In contrast, our asymmetric architecture is based on the concept of hierarchical reinforcement learning (HRL), a framework consisting of a policy over sub-policies and a number of sub-policies for executing temporally extended actions to solve sub-tasks. Previous HRL works have been concentrating on using temporal abstraction to deal with difficult long-horizon problems. As opposed to those prior works, our proposed method focuses on employing HRL to reduce the inference costs of an RL agent.

Methodology

Specification of the Notations

Table 1: A summary of all notations used in the paper.

Background: Hierarchical Reinforcement Learning

HRL introduces the concept of ‘options’ into the RL framework, where options are temporally extended actions. Assume that there exists a set of options Ω. HRL allows a ‘policy over options’ Ω(π) to determine an option for execution for a certain amount of time. Each option ω ∈ Ω consists of three components (I, π(ω), β(ω)), in which I ⊆ S is an initial set according to π(Ω), π(ω) is a policy following option ω, and β(ω) : S → [0, 1] is a termination function. When an agent enters a state s ∈ I, option ω is adopted, and policy π(ω) is followed until a state where β(ω) → 1. In this paper, we refer to a ‘policy over options’ as master policy, and an ‘option’ as sub-policy. Please refer to Table 1 for the detailed notations used in the paper.

Problem Formulation

The main objective of this research is to develop a cost-aware strategy such that an agent trained by our methodology is able to deliver satisfying performance while reducing its overall inference costs.

The agent is expected to use the smaller sub-policy as often as possible to reduce its computational costs, unless the agent requires complex control of its action. In order to incorporate the consideration of inference costs into our cost-aware strategy, we further assume that each sub-policy is cost-bounded. The cost of a sub-policy is denoted as c(ω), where ω represents the sub-policy used by the agent. The reward function is designed such that the agent is encouraged to select the lightweight sub-policy as frequently as possible to avoid being penalized.

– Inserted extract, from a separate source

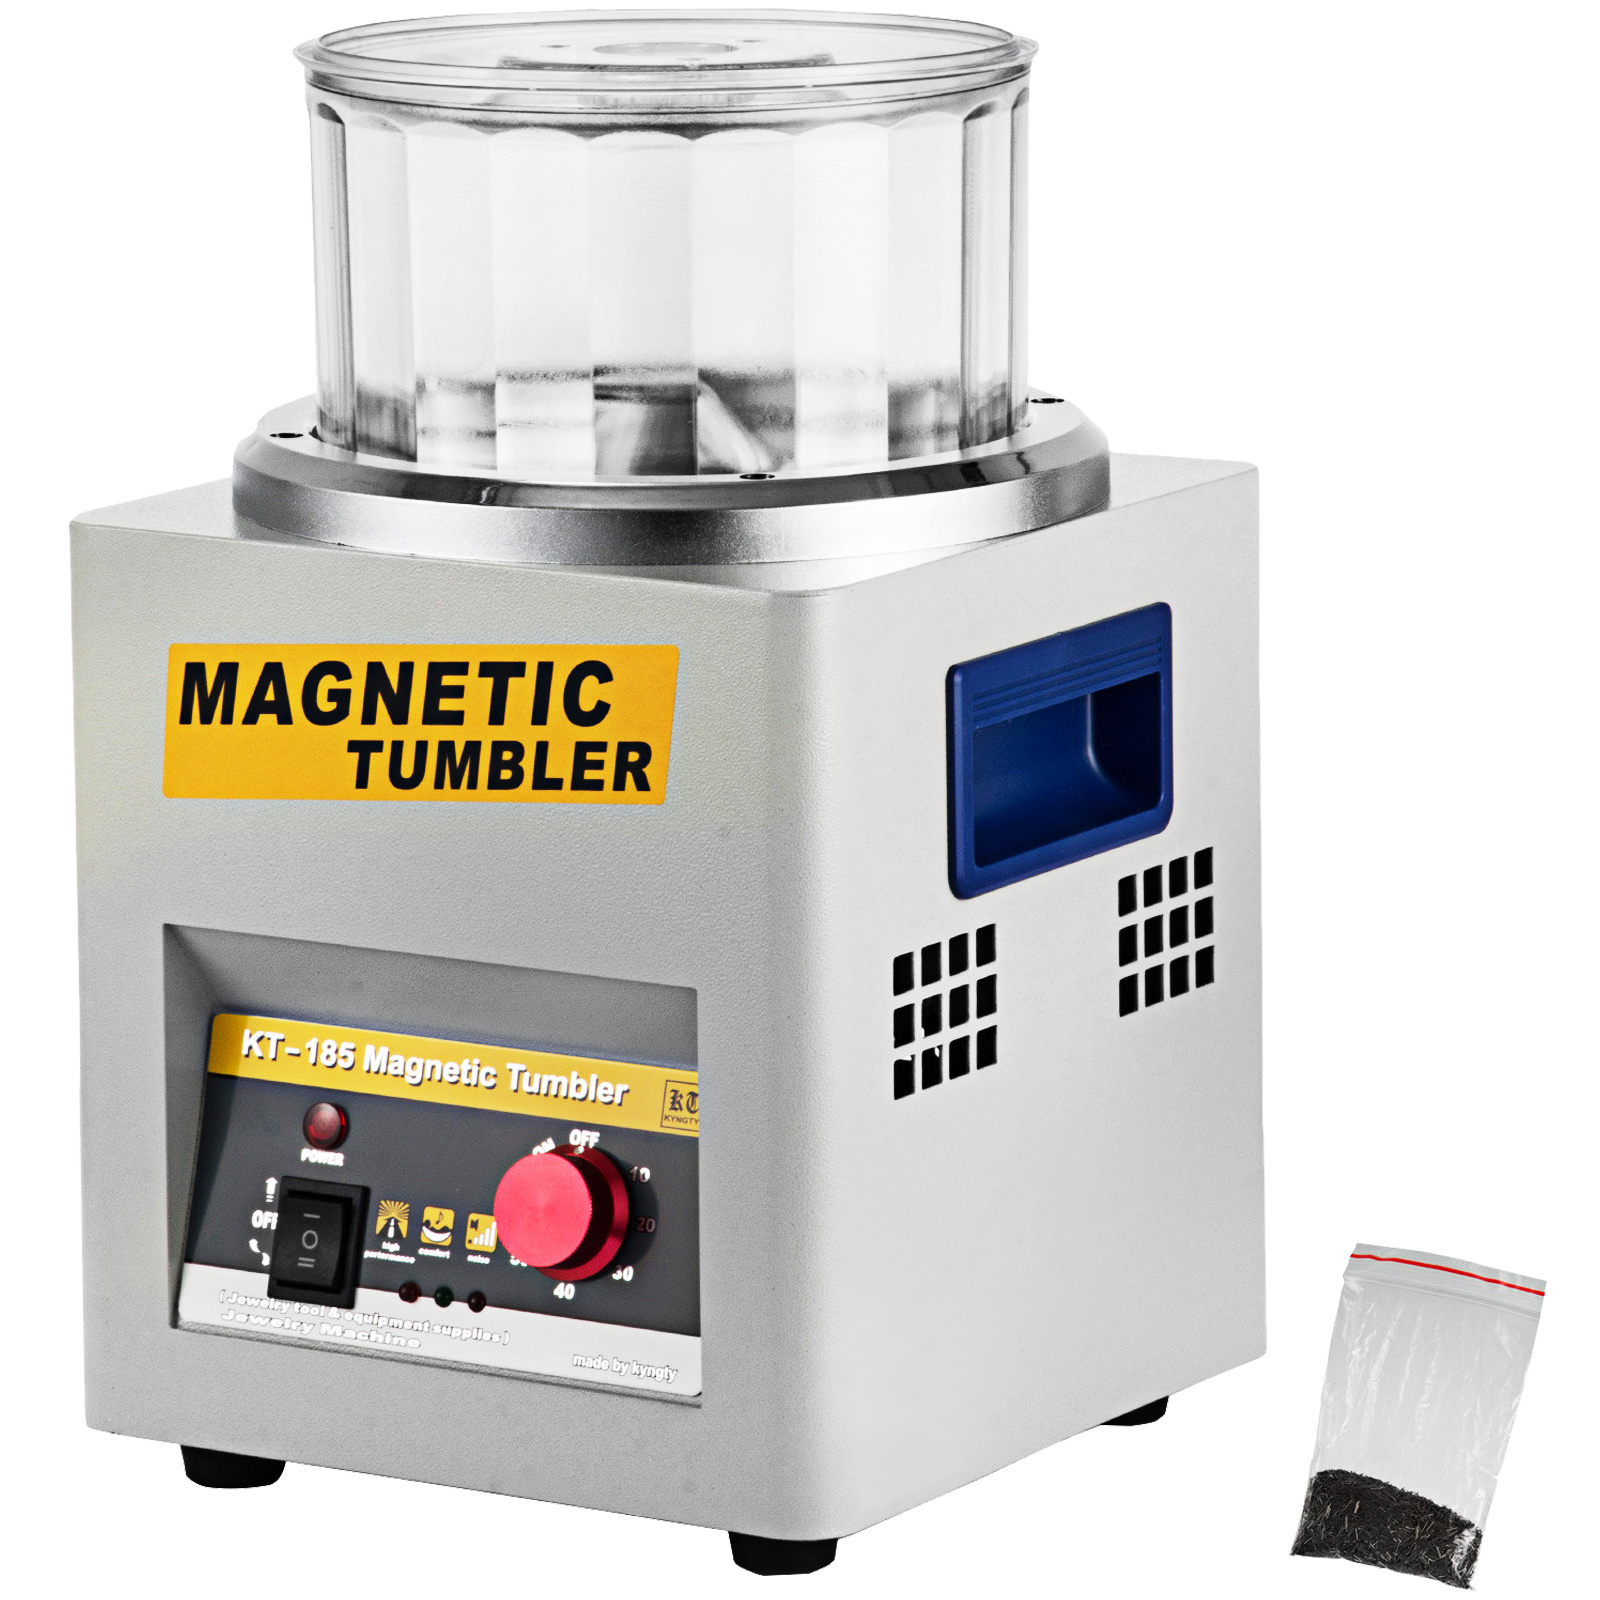 180mm Magnetic Tumbler Jewelry Polisher Machine Polishing 4 Speeds Steel Pins от Vevor Many GEOs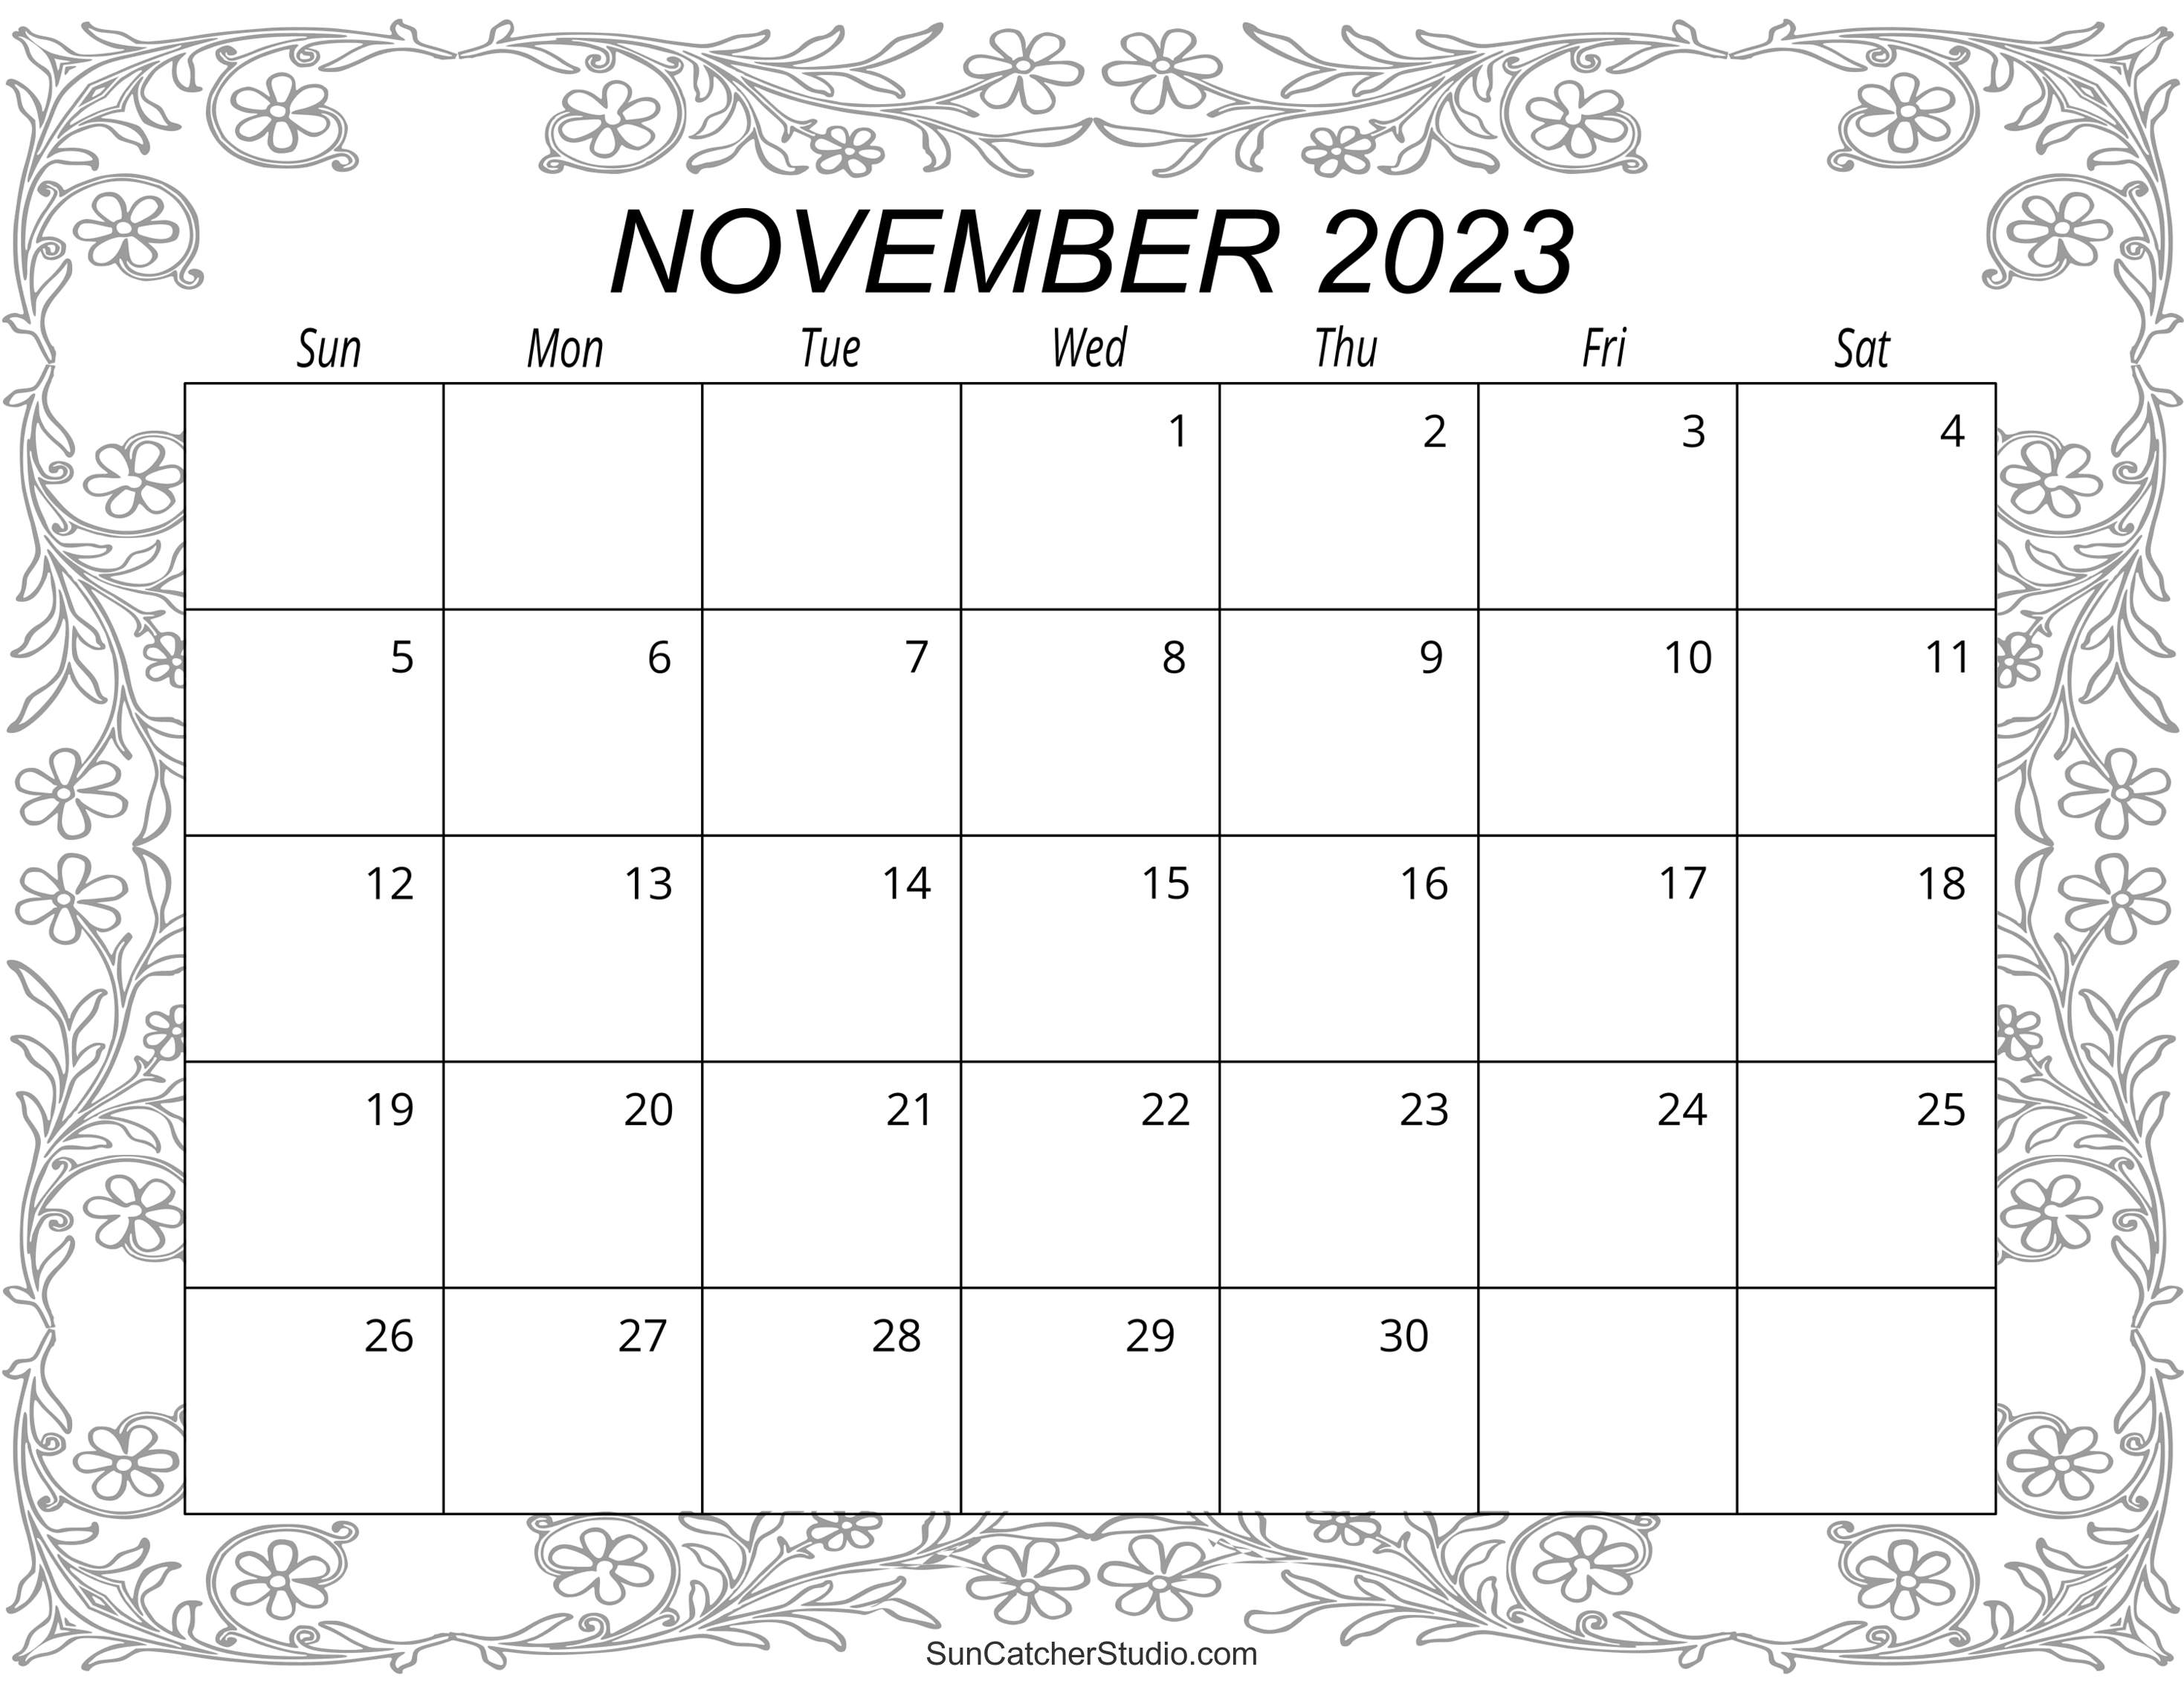 November 2023 Calendar Free Printable Diy Projects Patterns Monograms Designs Templates

Overview of the Proposed Cost-Aware Framework

Figure 1: An illustration of the workflow of the proposed framework.

We employ an HRL framework consisting of a master policy and two sub-policies of different DNN sizes. The framework is illustrated in Fig. 1. The master policy first takes in the current state from the environment to determine which sub-policy to use. The selected sub-policy is then used to interact with the environment for several timsteps (the length is set to be a constant). The goal of the master policy is to maximize the cumulative rewards during the execution of the sub-policy. To deal with the data imbalance issue of the two sub-policies during the training phase as well as improving data efficiency, our cost-aware framework uses an off-policy RL algorithm for the sub-policies so as to allow two different size of sub-policies to share the common experience replay buffer.

Cost-Aware Training

We apply a regularization term containing the policy cost that penalizes the master policy so as to encourage it to choose small sub-policies with a lower cost as frequently as possible. The regularization term is adjusted by a hyper-parameter λ, which is a cost coefficient for scaling the policy cost. The higher the value of λ is, the more likely the master policy will choose small sub-policies.

Experimental Results

Experimental Setup

Table 2: The detailed settings of the proposed methodology.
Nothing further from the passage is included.